EXERCISE REQUIREMENTS ::
Will you output all of the data below exactly, omitting the images?

COLLECTED DATA ::
* * *
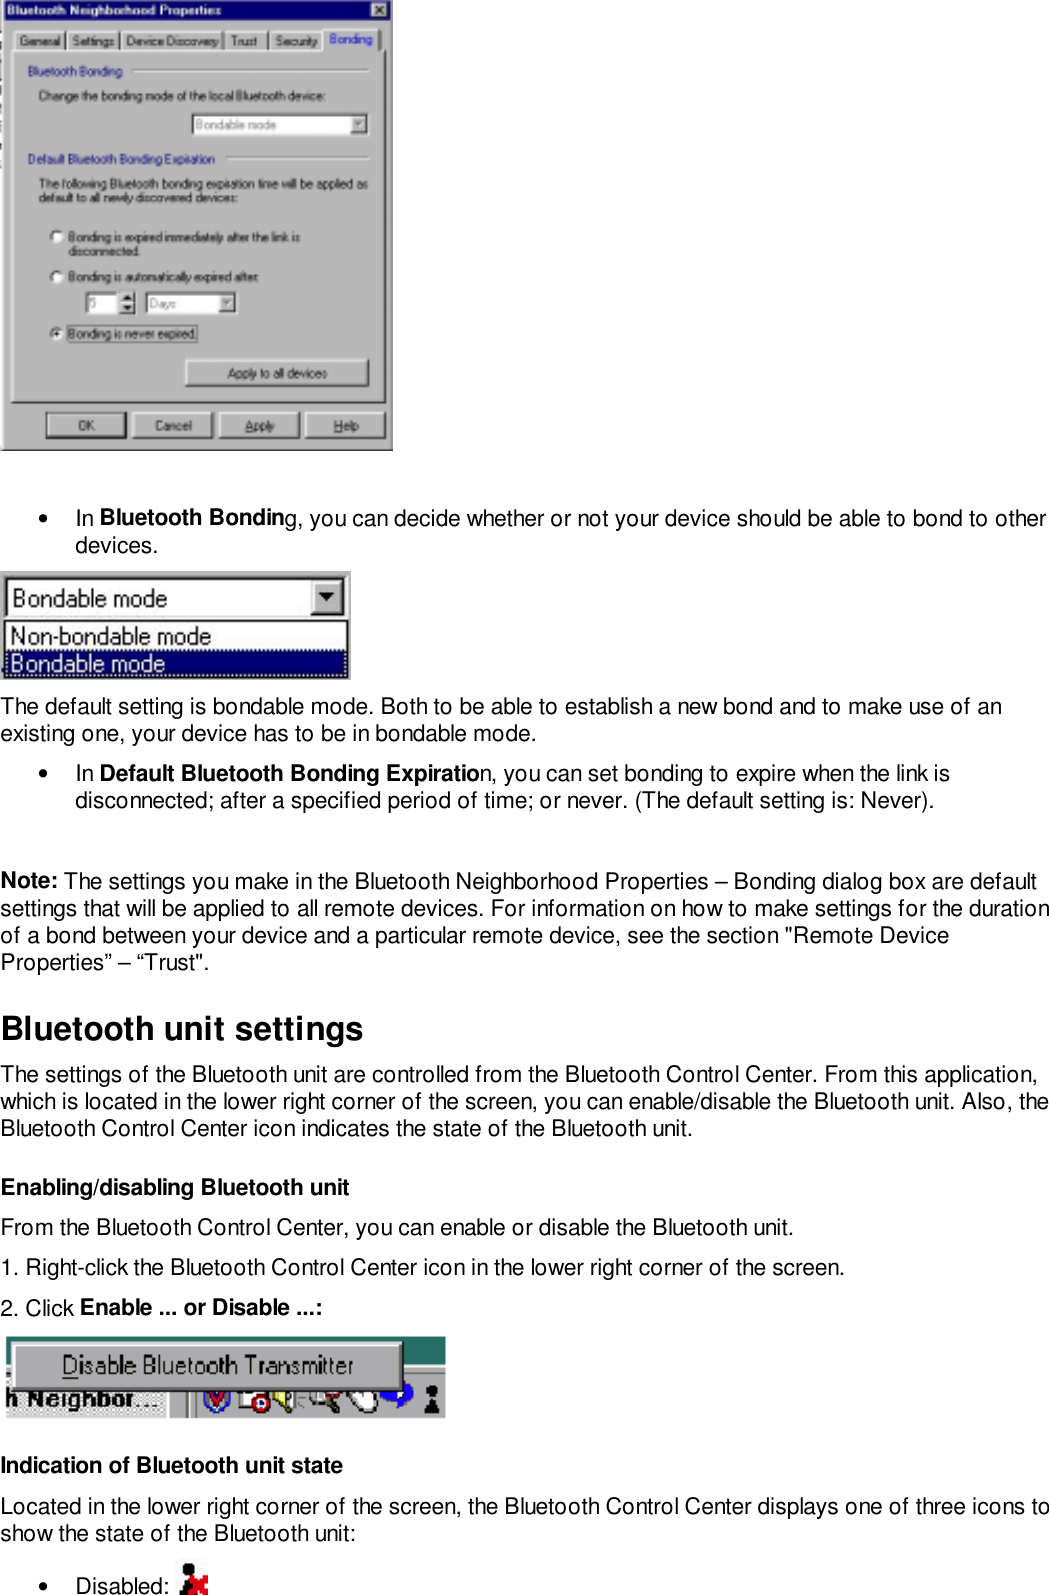 • In Bluetooth Bonding, you can decide whether or not your device should be able to bond to otherdevices.The default setting is bondable mode. Both to be able to establish a new bond and to make use of anexisting one, your device has to be in bondable mode.• In Default Bluetooth Bonding Expiration, you can set bonding to expire when the link isdisconnected; after a specified period of time; or never. (The default setting is: Never).Note: The settings you make in the Bluetooth Neighborhood Properties – Bonding dialog box are defaultsettings that will be applied to all remote devices. For information on how to make settings for the durationof a bond between your device and a particular remote device, see the section &quot;Remote DeviceProperties” – “Trust&quot;.Bluetooth unit settingsThe settings of the Bluetooth unit are controlled from the Bluetooth Control Center. From this application,which is located in the lower right corner of the screen, you can enable/disable the Bluetooth unit. Also, theBluetooth Control Center icon indicates the state of the Bluetooth unit.Enabling/disabling Bluetooth unitFrom the Bluetooth Control Center, you can enable or disable the Bluetooth unit.1. Right-click the Bluetooth Control Center icon in the lower right corner of the screen.2. Click Enable ... or Disable ...:Indication of Bluetooth unit stateLocated in the lower right corner of the screen, the Bluetooth Control Center displays one of three icons toshow the state of the Bluetooth unit:• Disabled: 
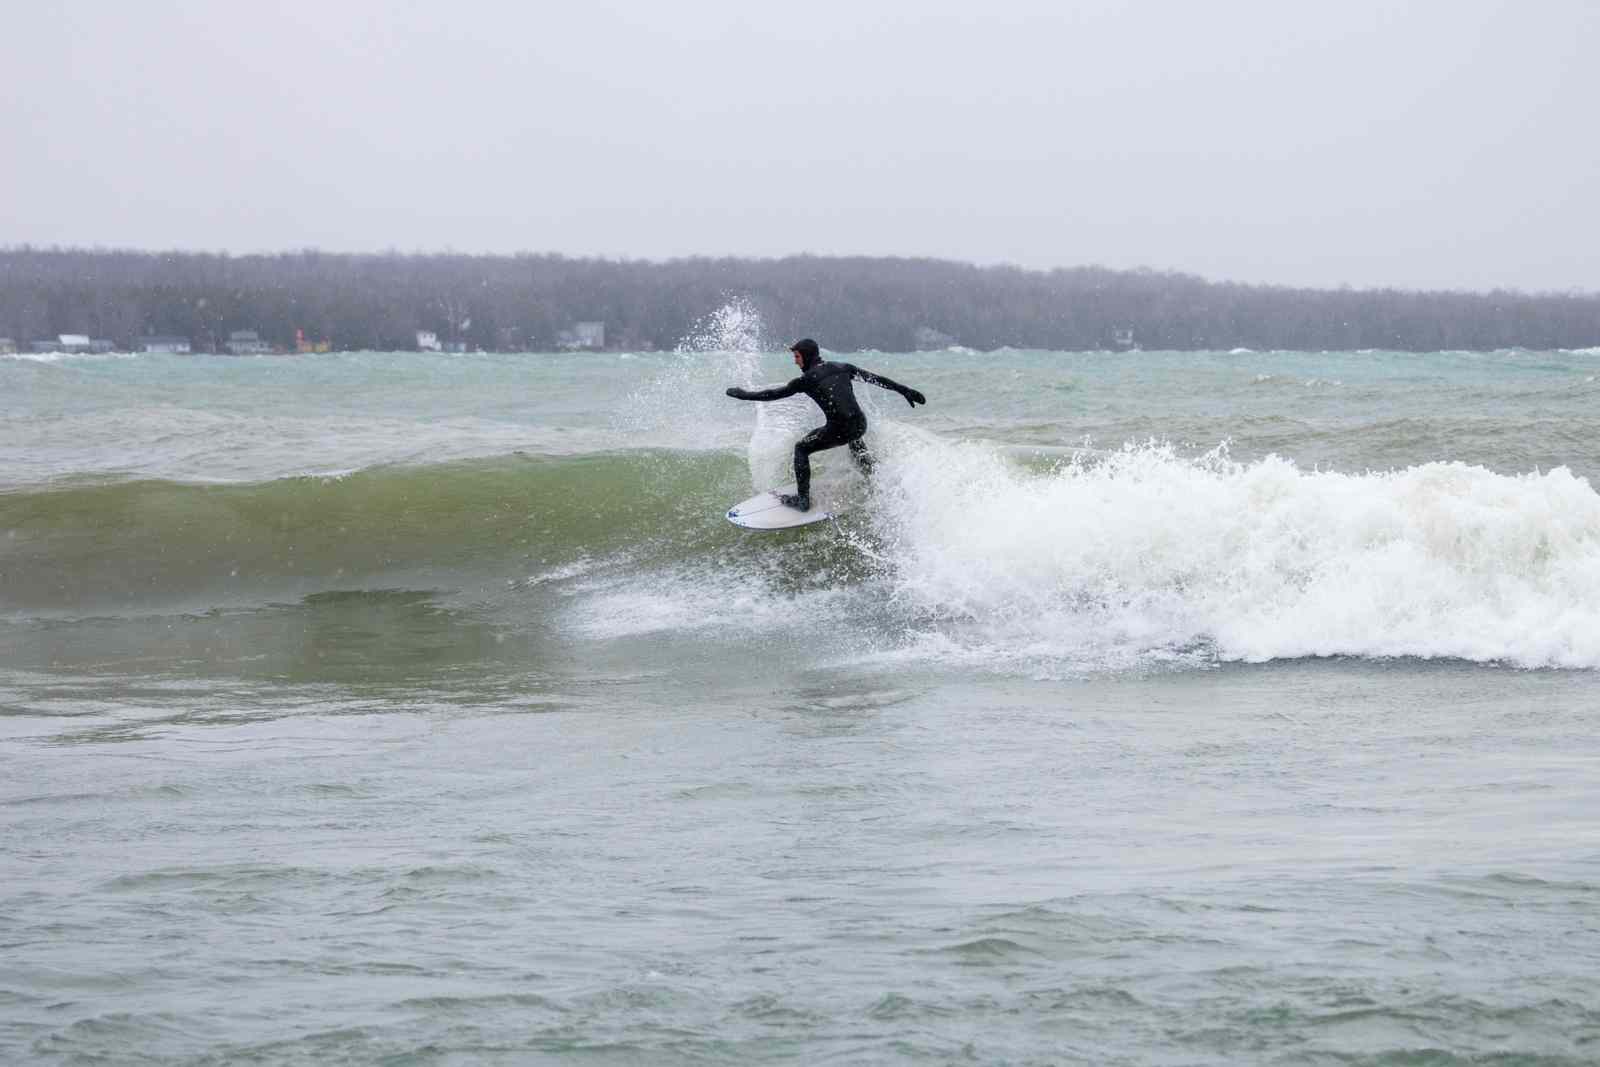 Man in a wetsuit surfs on a Great Lake in winter
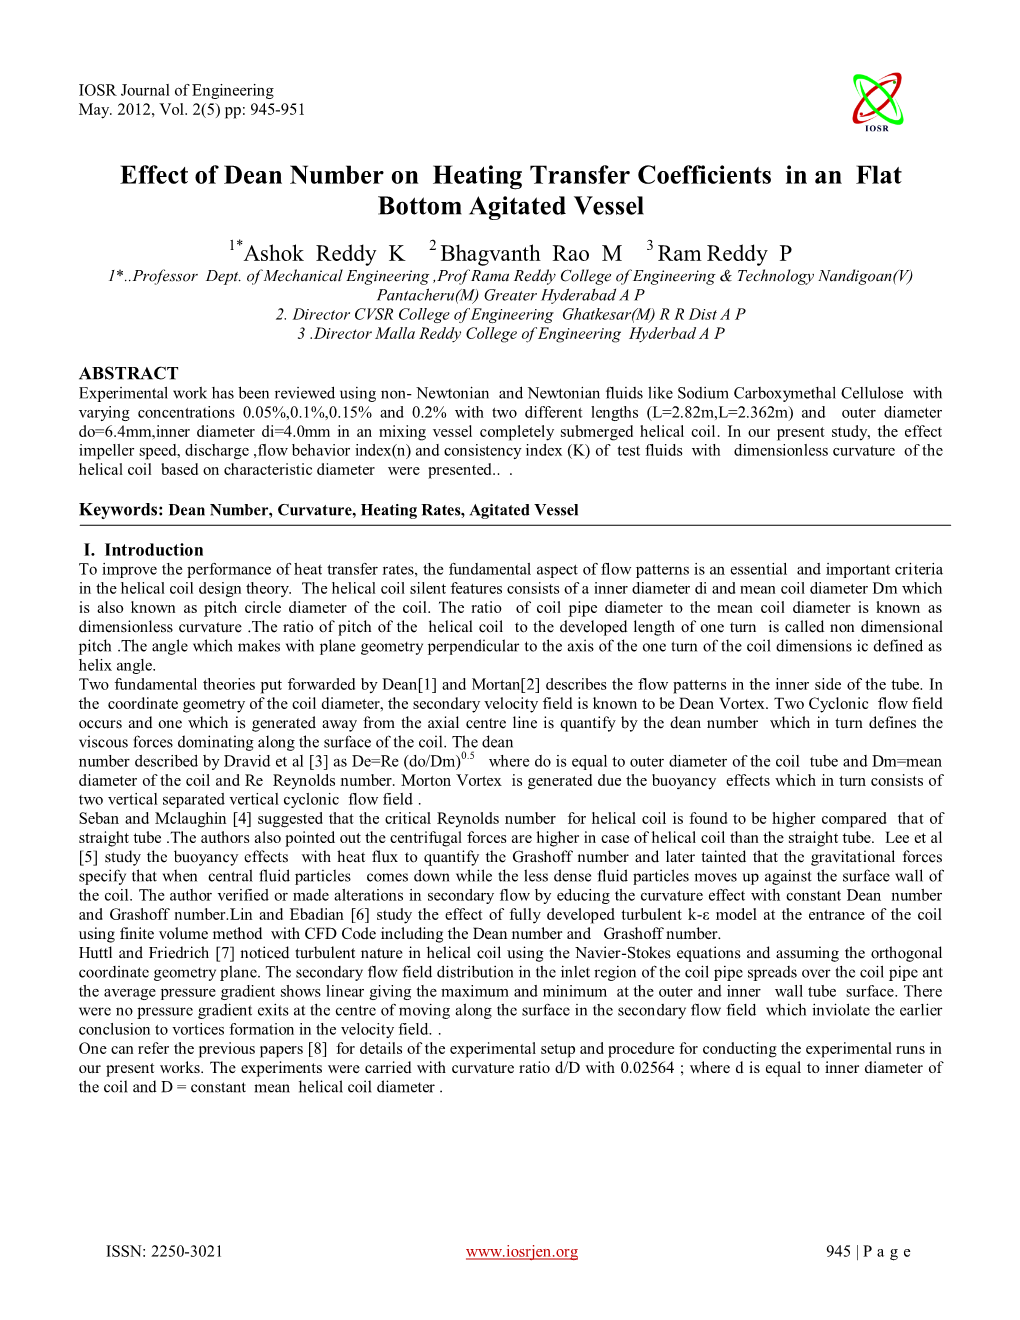 Effect of Dean Number on Heating Transfer Coefficients in an Flat Bottom Agitated Vessel
* * *
TASK RESPONSE ::
 • In Bluetooth Bonding, you can decide whether or not your device should be able to bond to otherdevices.The default setting is bondable mode. Both to be able to establish a new bond and to make use of anexisting one, your device has to be in bondable mode.• In Default Bluetooth Bonding Expiration, you can set bonding to expire when the link isdisconnected; after a specified period of time; or never. (The default setting is: Never).Note: The settings you make in the Bluetooth Neighborhood Properties – Bonding dialog box are defaultsettings that will be applied to all remote devices. For information on how to make settings for the durationof a bond between your device and a particular remote device, see the section &quot;Remote DeviceProperties” – “Trust&quot;.Bluetooth unit settingsThe settings of the Bluetooth unit are controlled from the Bluetooth Control Center. From this application,which is located in the lower right corner of the screen, you can enable/disable the Bluetooth unit. Also, theBluetooth Control Center icon indicates the state of the Bluetooth unit.Enabling/disabling Bluetooth unitFrom the Bluetooth Control Center, you can enable or disable the Bluetooth unit.1. Right-click the Bluetooth Control Center icon in the lower right corner of the screen.2. Click Enable ... or Disable ...:Indication of Bluetooth unit stateLocated in the lower right corner of the screen, the Bluetooth Control Center displays one of three icons toshow the state of the Bluetooth unit:• Disabled: 
 Man in a wetsuit surfs on a Great Lake in winter
 Effect of Dean Number on Heating Transfer Coefficients in an Flat Bottom Agitated Vessel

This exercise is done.